MATERIAL PROVIDED:
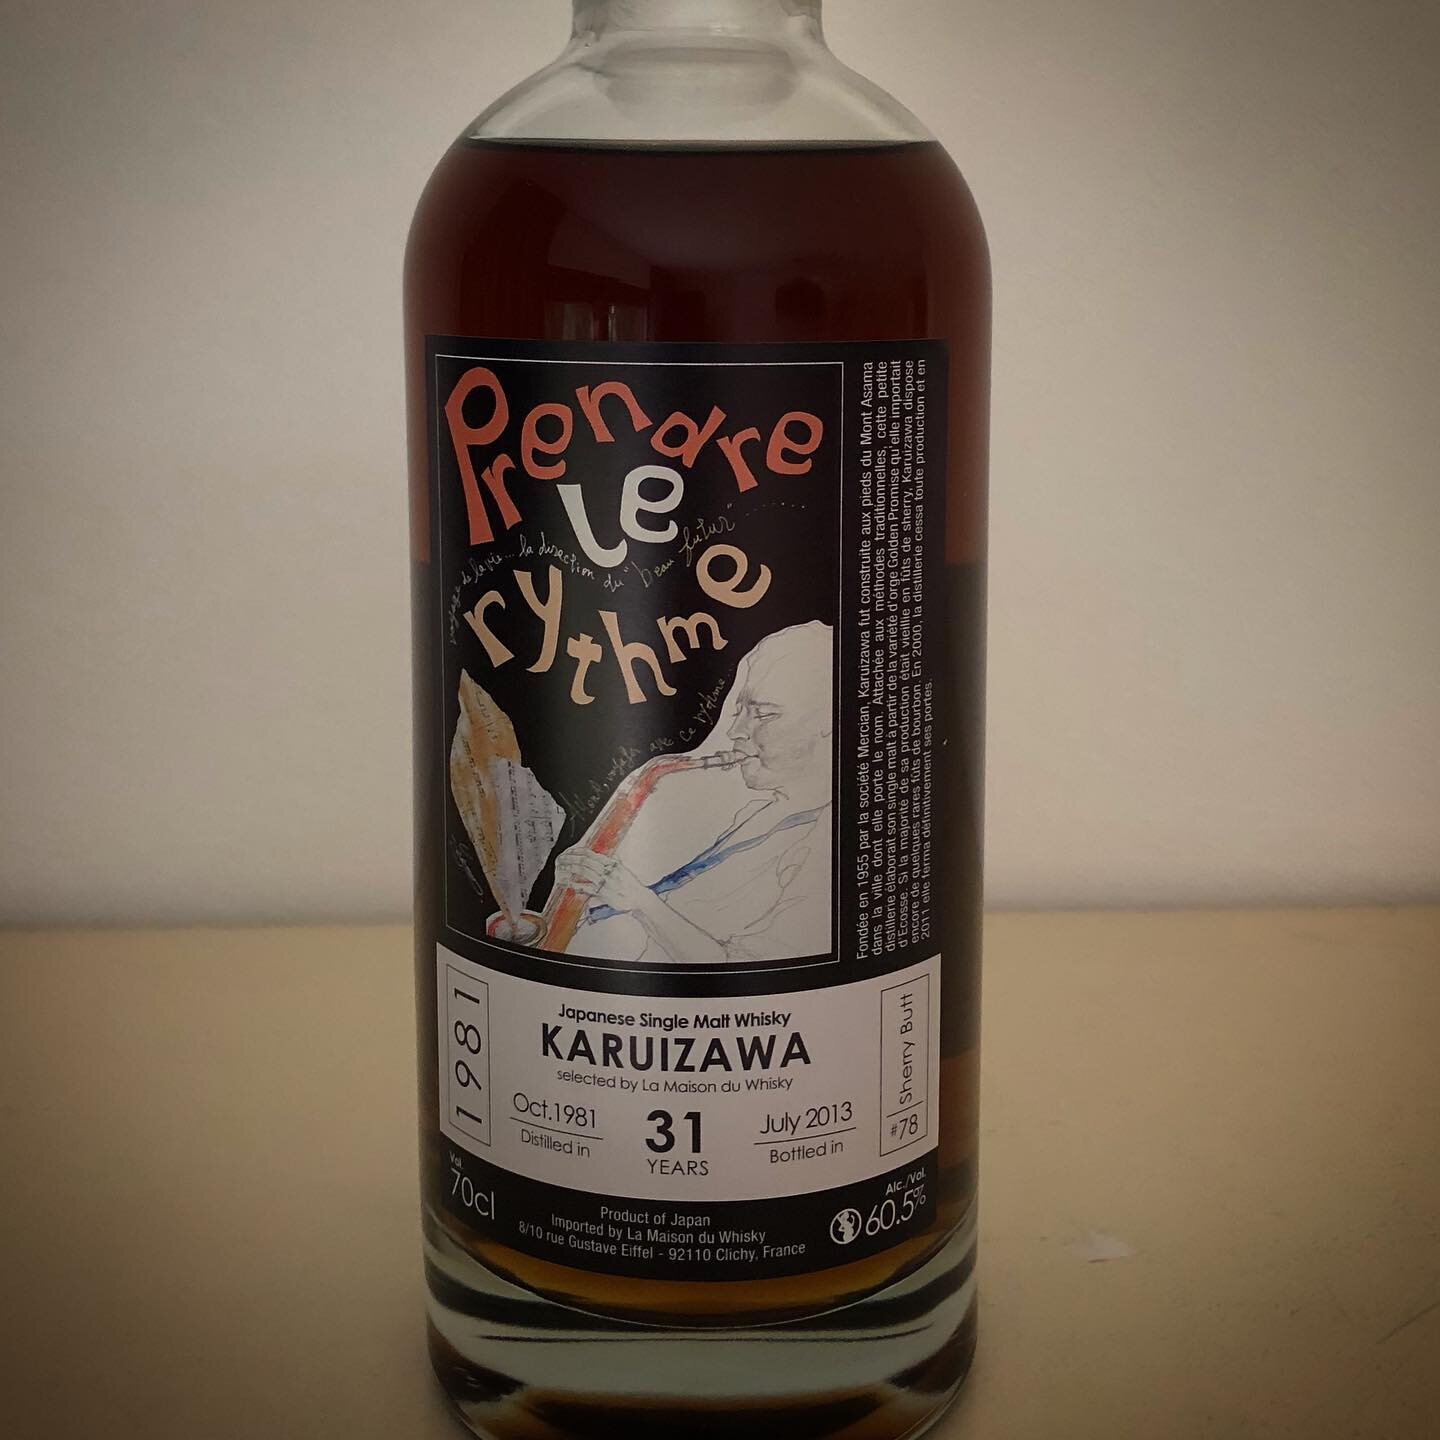 After all those years it&rsquo;s still sad they will never produce this great malt anymore
.
#karuizawa #karuizawawhisky #karuizawadistillery #closeddistillery #japanesewhisky #rarejapanesewhisky #whiskycollector #whiskycollection #oldwhisky #rarewhi
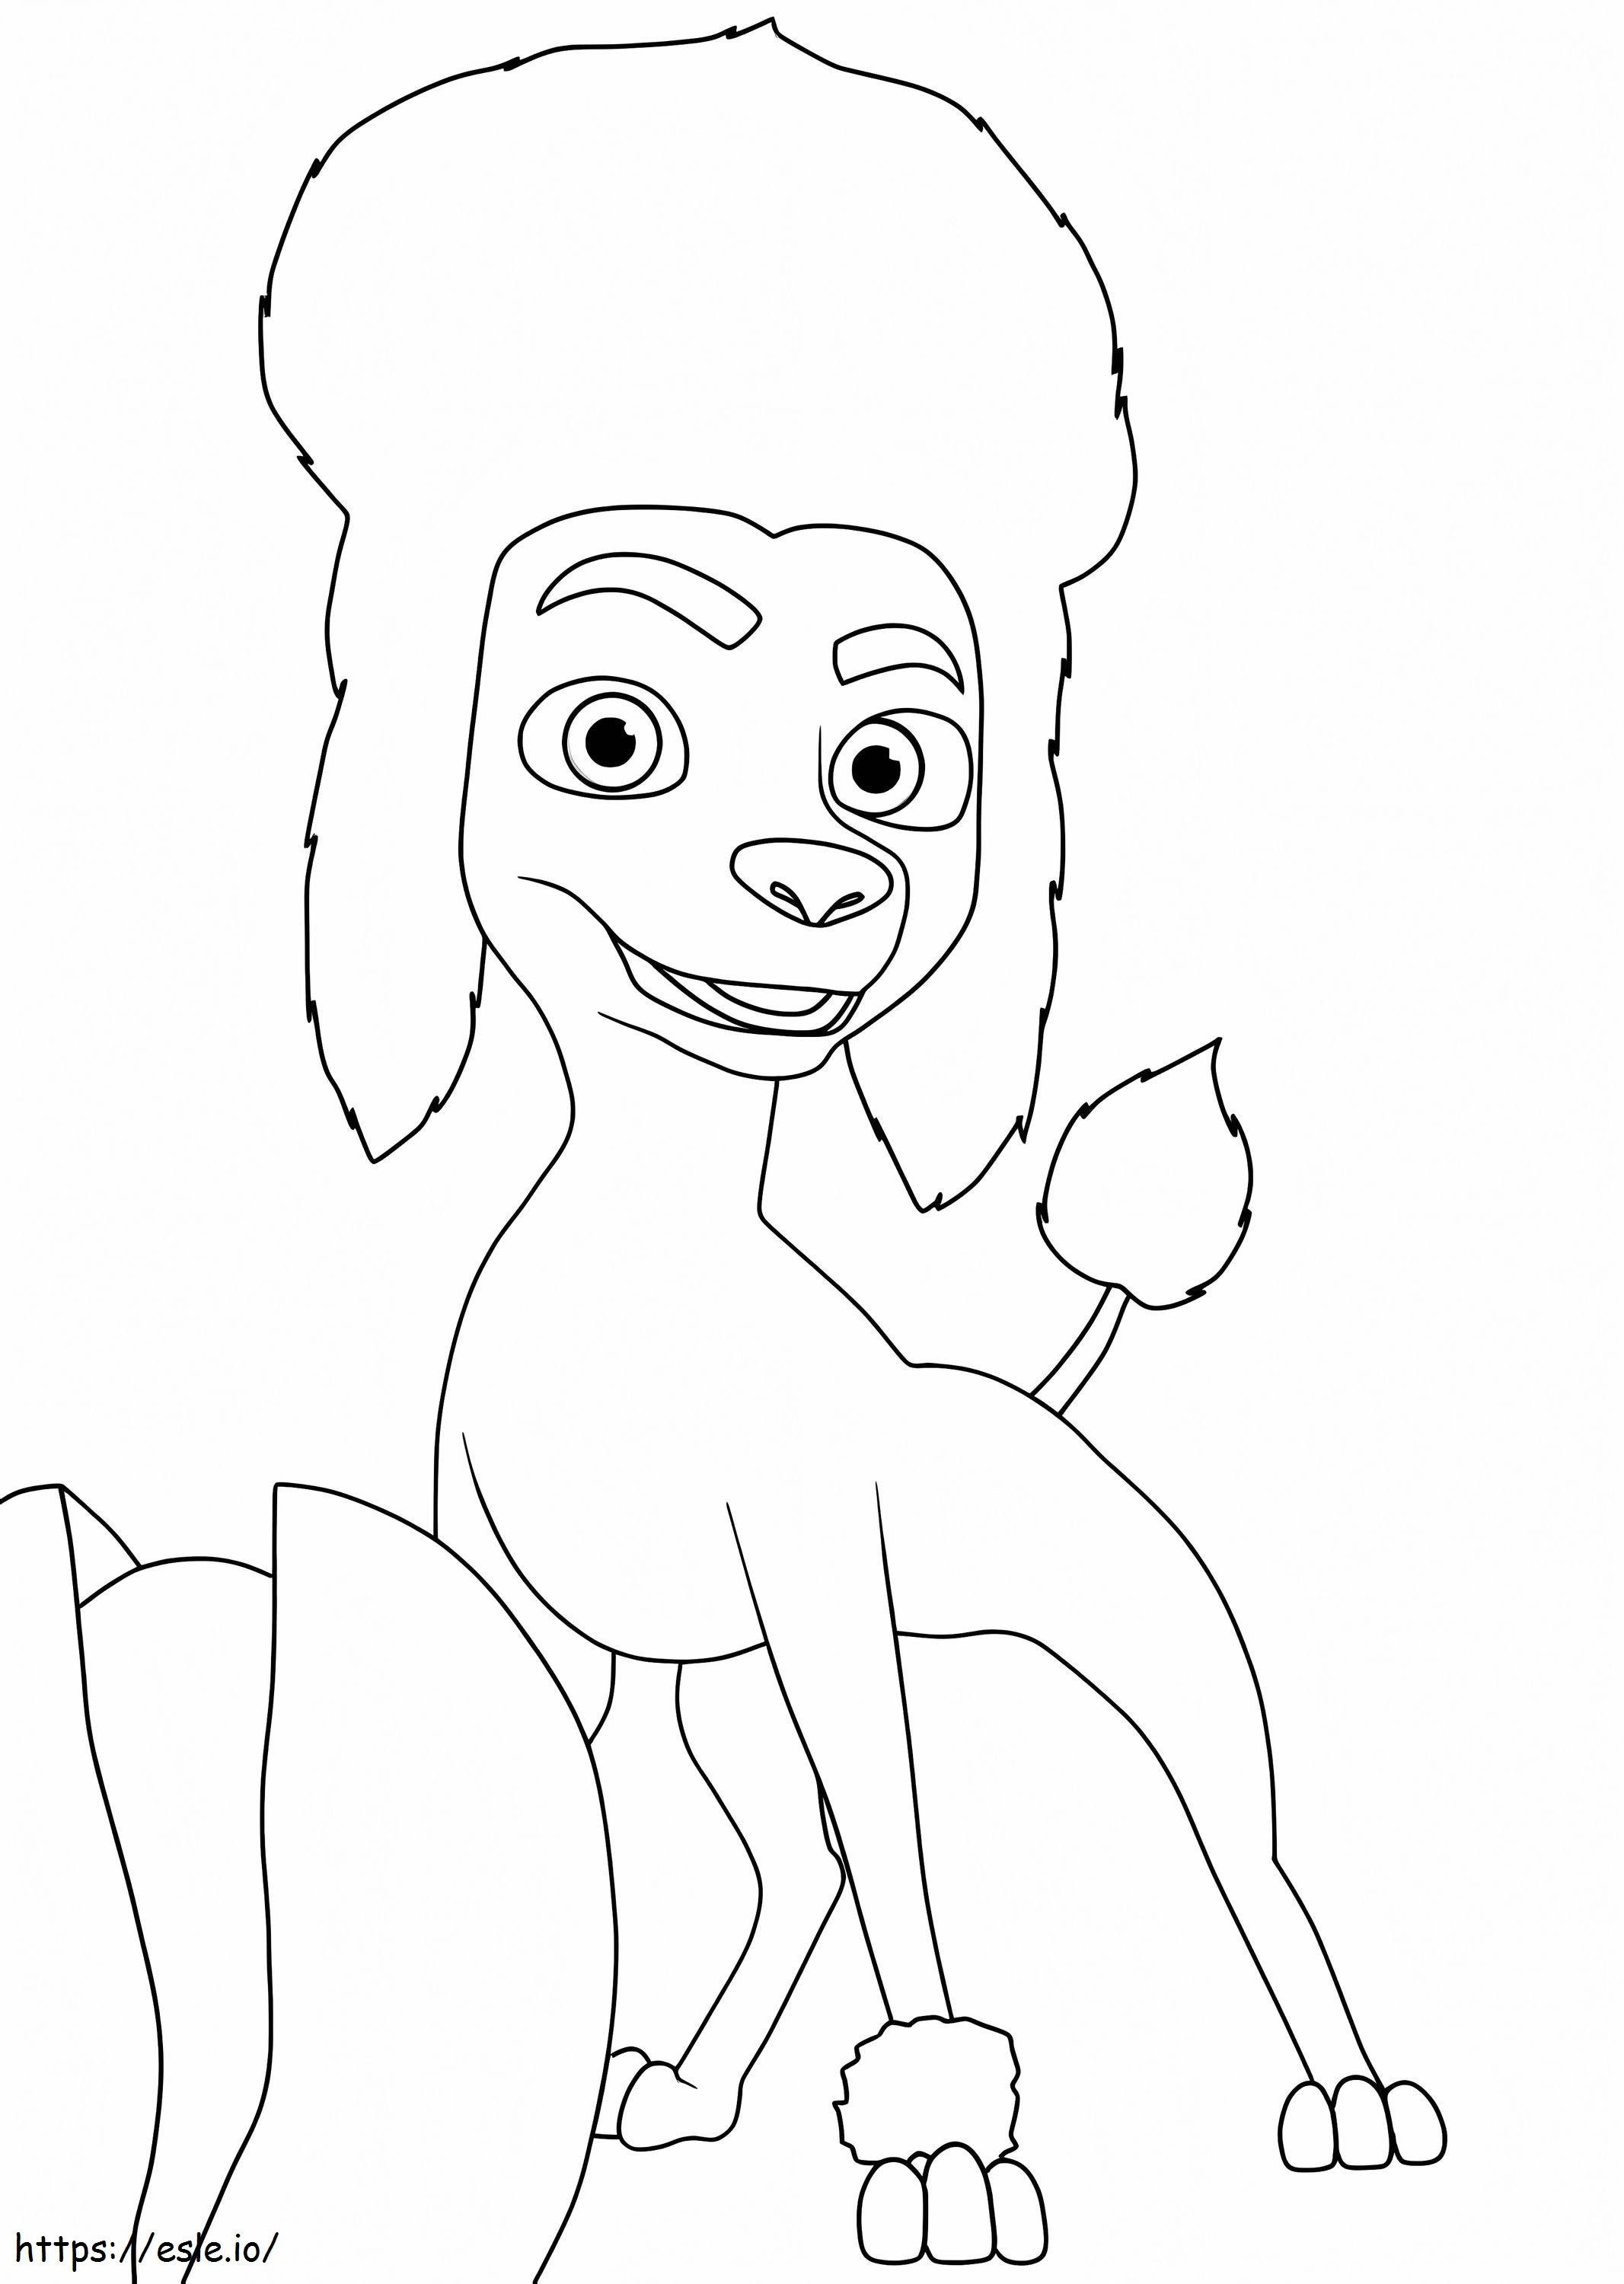 Freddy Smiling coloring page

TASK TO CARRY OUT: Give back all the material exactly, with no pictures.

TASK OUTPUT:
 After all those years it&rsquo;s still sad they will never produce this great malt anymore
.
#karuizawa #karuizawawhisky #karuizawadistillery #closeddistillery #japanesewhisky #rarejapanesewhisky #whiskycollector #whiskycollection #oldwhisky #rarewhi
 Freddy Smiling coloring page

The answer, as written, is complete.